“There is something beautiful about all scars, whatever nature. A scar means hurt is over, the wound is healed, the wound is closed and healed, done with.”
The first scar I ever had was from the time I fell from my racer bike. It was on my shin. I was embarrased because I fell in front of my “crush”. Good thing he helped me up. I didn’t feel the pain or even realize that the cut was so deep that you could see tissues already. Hair never grew there anymore. That was probably early high school. Fast forward to 1999.
Because of the trauma I went through, both physical and emotional, I was sent to psychologists and even new age geomancers to “help” me with this “pain” I was going through. This lady I met during my time of dispair, still carrying a child in my womb, told me that, when we get hurt, scars build up inside and out. I can attest to that.

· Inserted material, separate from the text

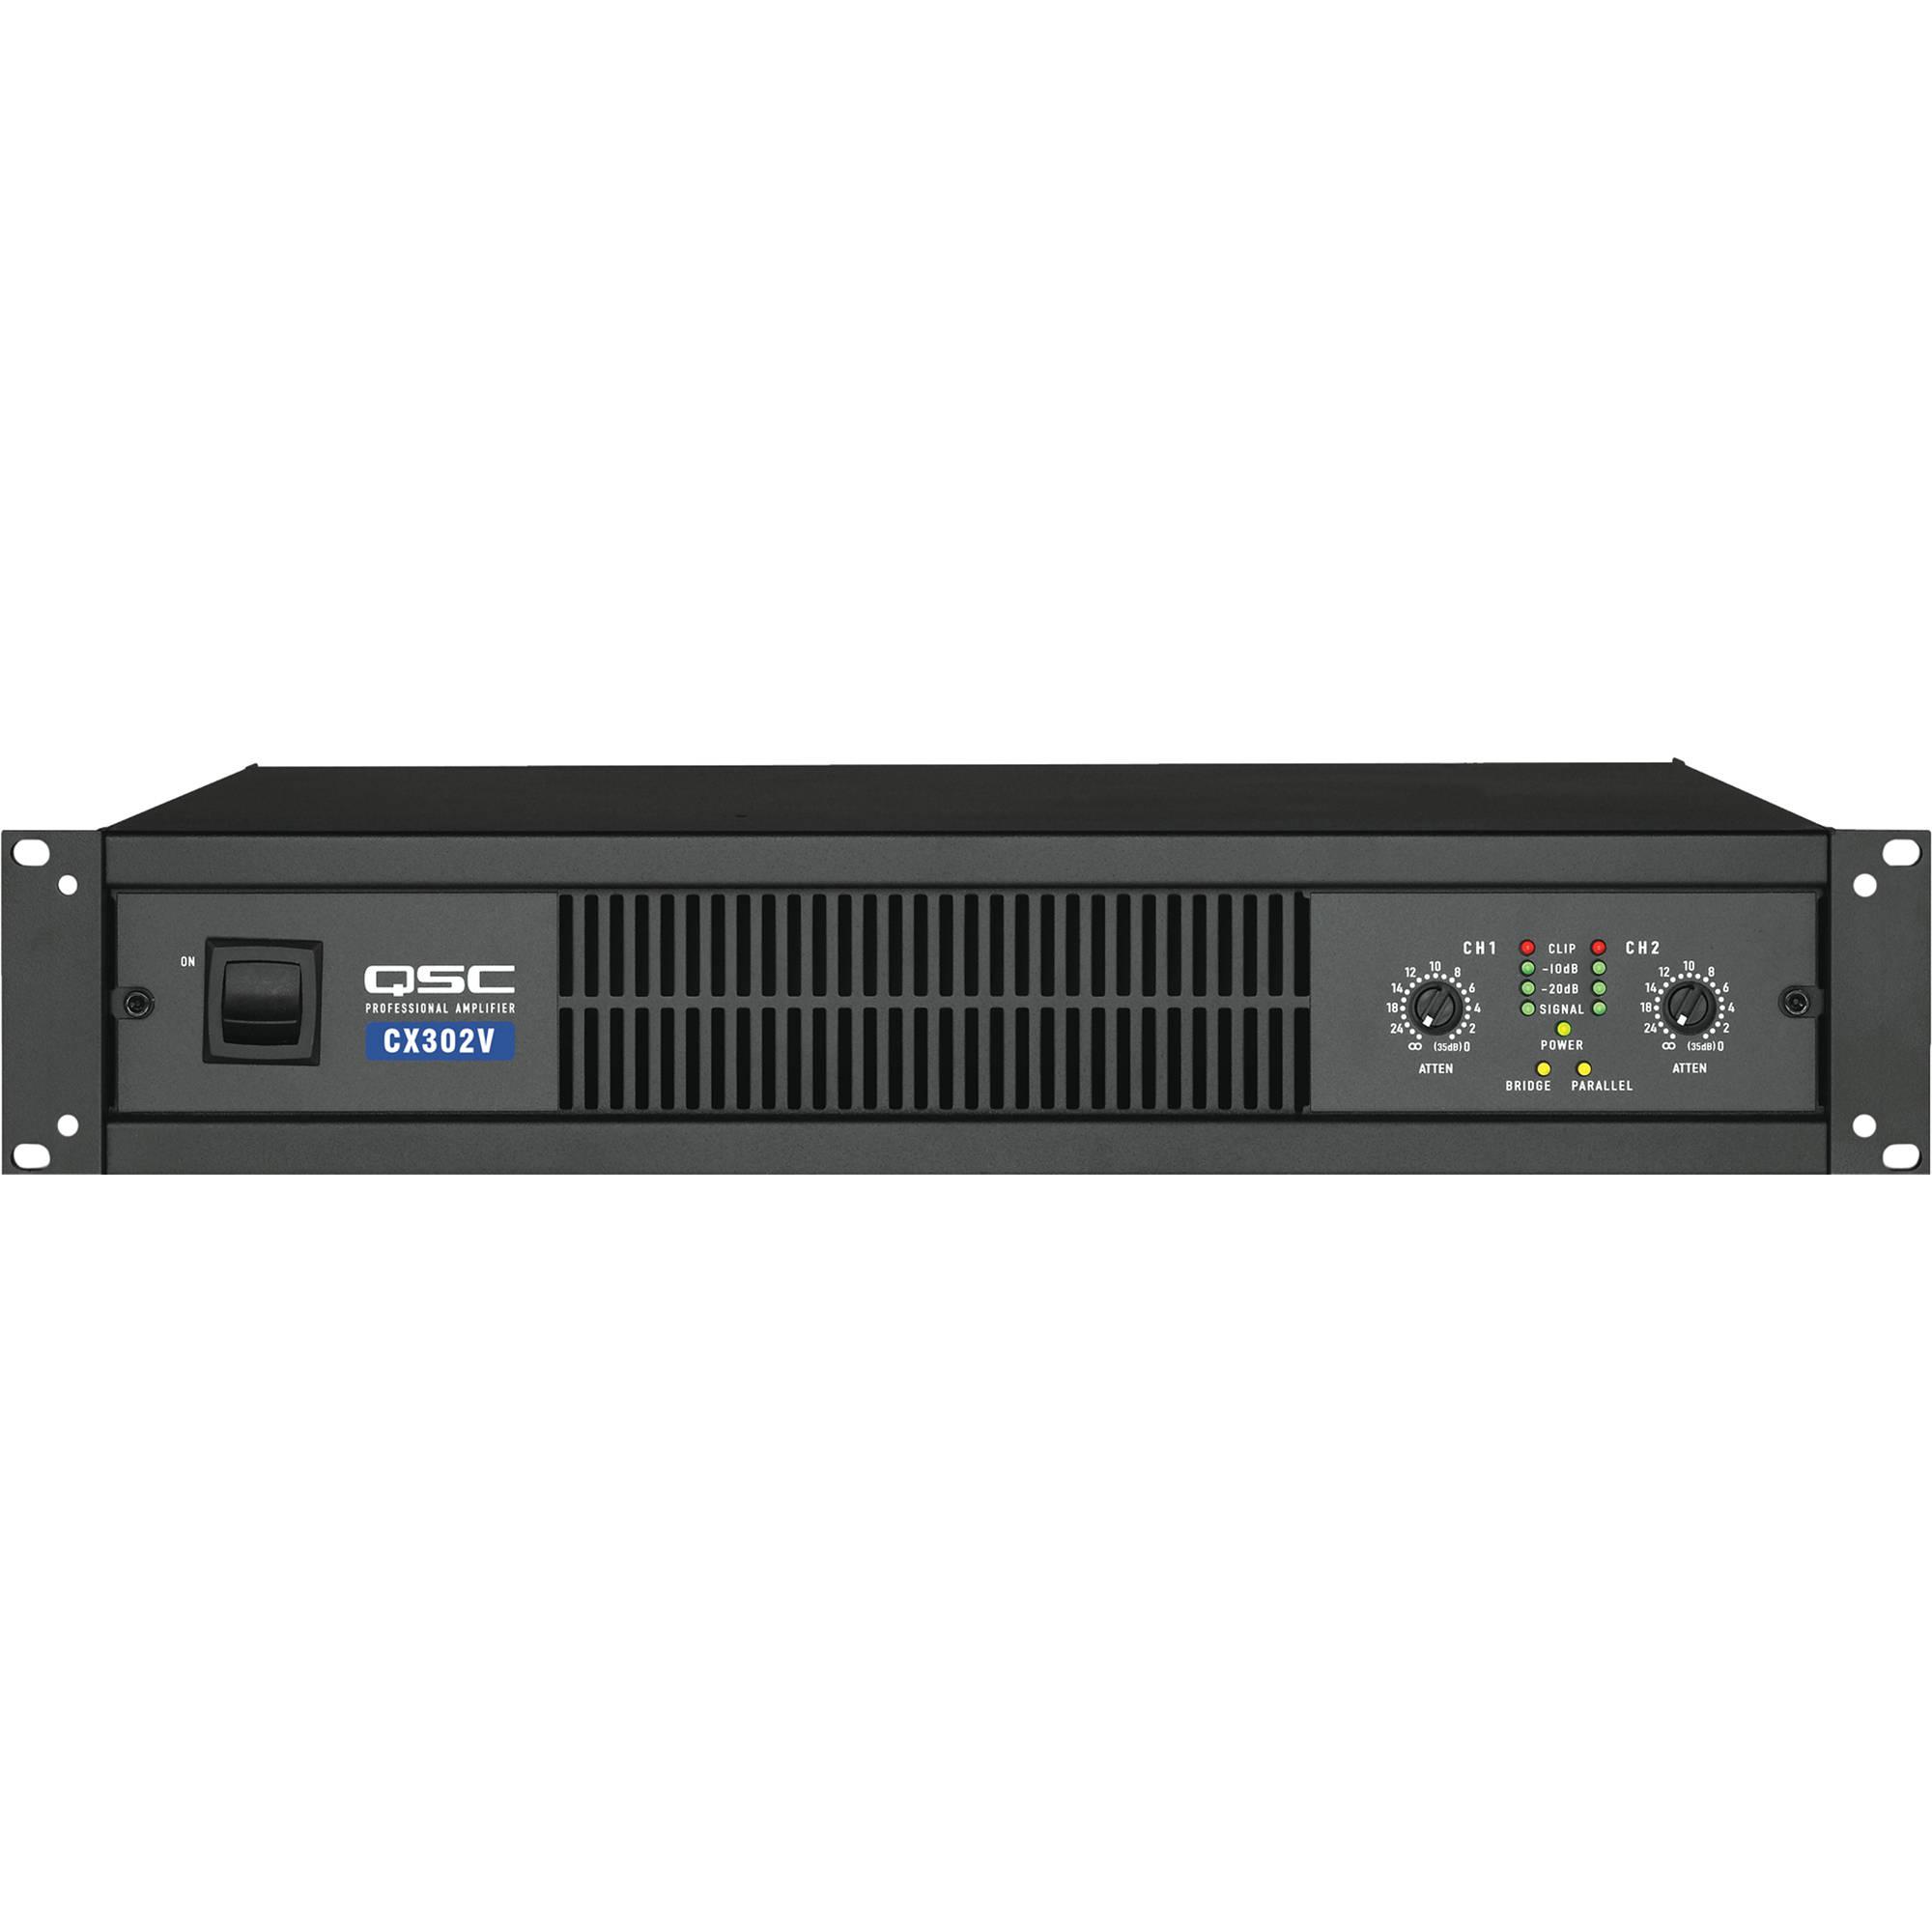 qsc cx 302v 2 channel direct output power amplifier cx302v b h. Black Bedroom Furniture Sets. Home Design Ideas

I call them my BATTLE SCARS.
I have one on top of my head that looks like a horseshoe because of my craniotomy. One cup of brain mass with removed. In medical terms, arteriovenous malfomation or AVM which are the abnornal connections of blood vessels. This is said to be congenital. This can happen in any part of the body, it’s just that mine happened in the brain.

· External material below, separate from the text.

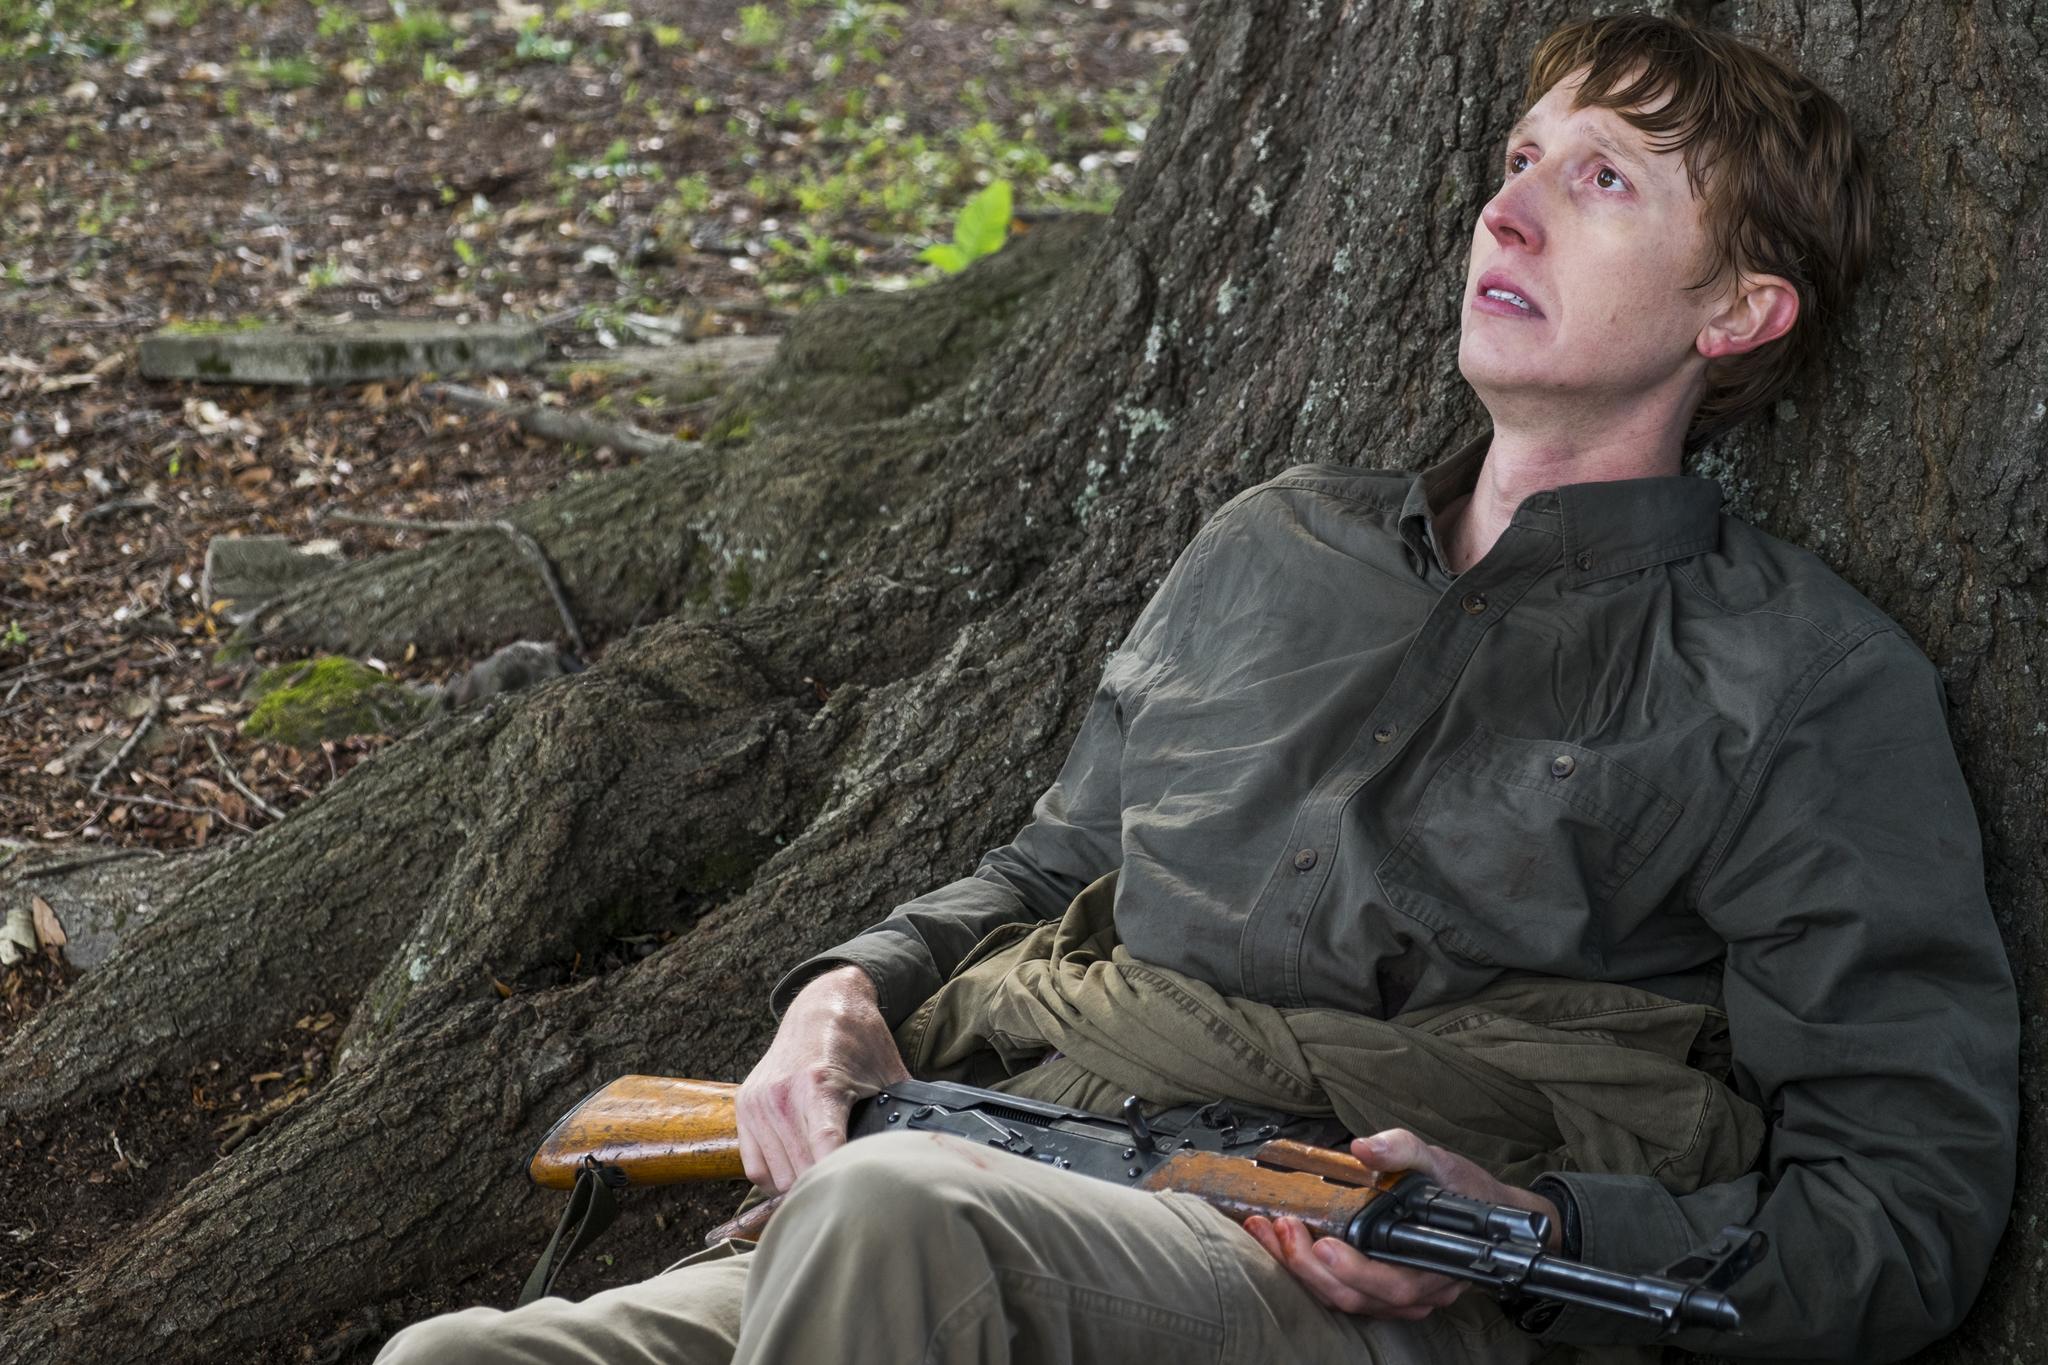 Jordan Woods-Robinson in The Walking Dead (2010)

Below my throat because of the endotracheal intubation used when patients are unable to breath or their own or unconscious, in my case, being in a coma for 10 days and more, even 3 months after. When I was able to breath on my own, the metal tracheostomy tube was removed but wound was left to heal on it’s own. Then, I had my voice back…well sort of, took a while too.
Third was the emergency C-Section due to fetal distress and astonishingly high blood pressure of 240/120. Had to deliver a month shy of being full term. Yup, a straight line down. Goodbye to bikinis!
Lastly, from my 12 years of wearing an AFO (Ankle Foot Orthosis) that helps me walk. BUT wait, I’m still in the process of recovering from ankle surgery. That’s 3 instant new scars that I haven’t seen. Something to look forward to.
Because of the “cuts” in my body, the supposedly flow of life is disrupted which I can apply to my life. However, I firmly believe that ALL WOUNDS heal, deep or shallow. Take NOTE. WILL HEAL.
It took my 6 years to CHOOSE to HEAL because I realized that there is so much more to life than a broken heart and rejection. The blessings I have recieved, first and foremost, my son, and my second chance in life. I have only scratched the surface. Once I realized this, everything fell into place. I opened up what I thought woud be scared-for-life-heart, remembering the trauma never wanting to fall into that trap again. However, it is true, that once you have learned to let go of the hurts of the past, countless blessings will follow. It’s an instant boost of making you stronger in almost all aspects of your life. Or that could be just me.
Just remember, LIFE GOES ON and trust that God will never give us anything we cannot handle.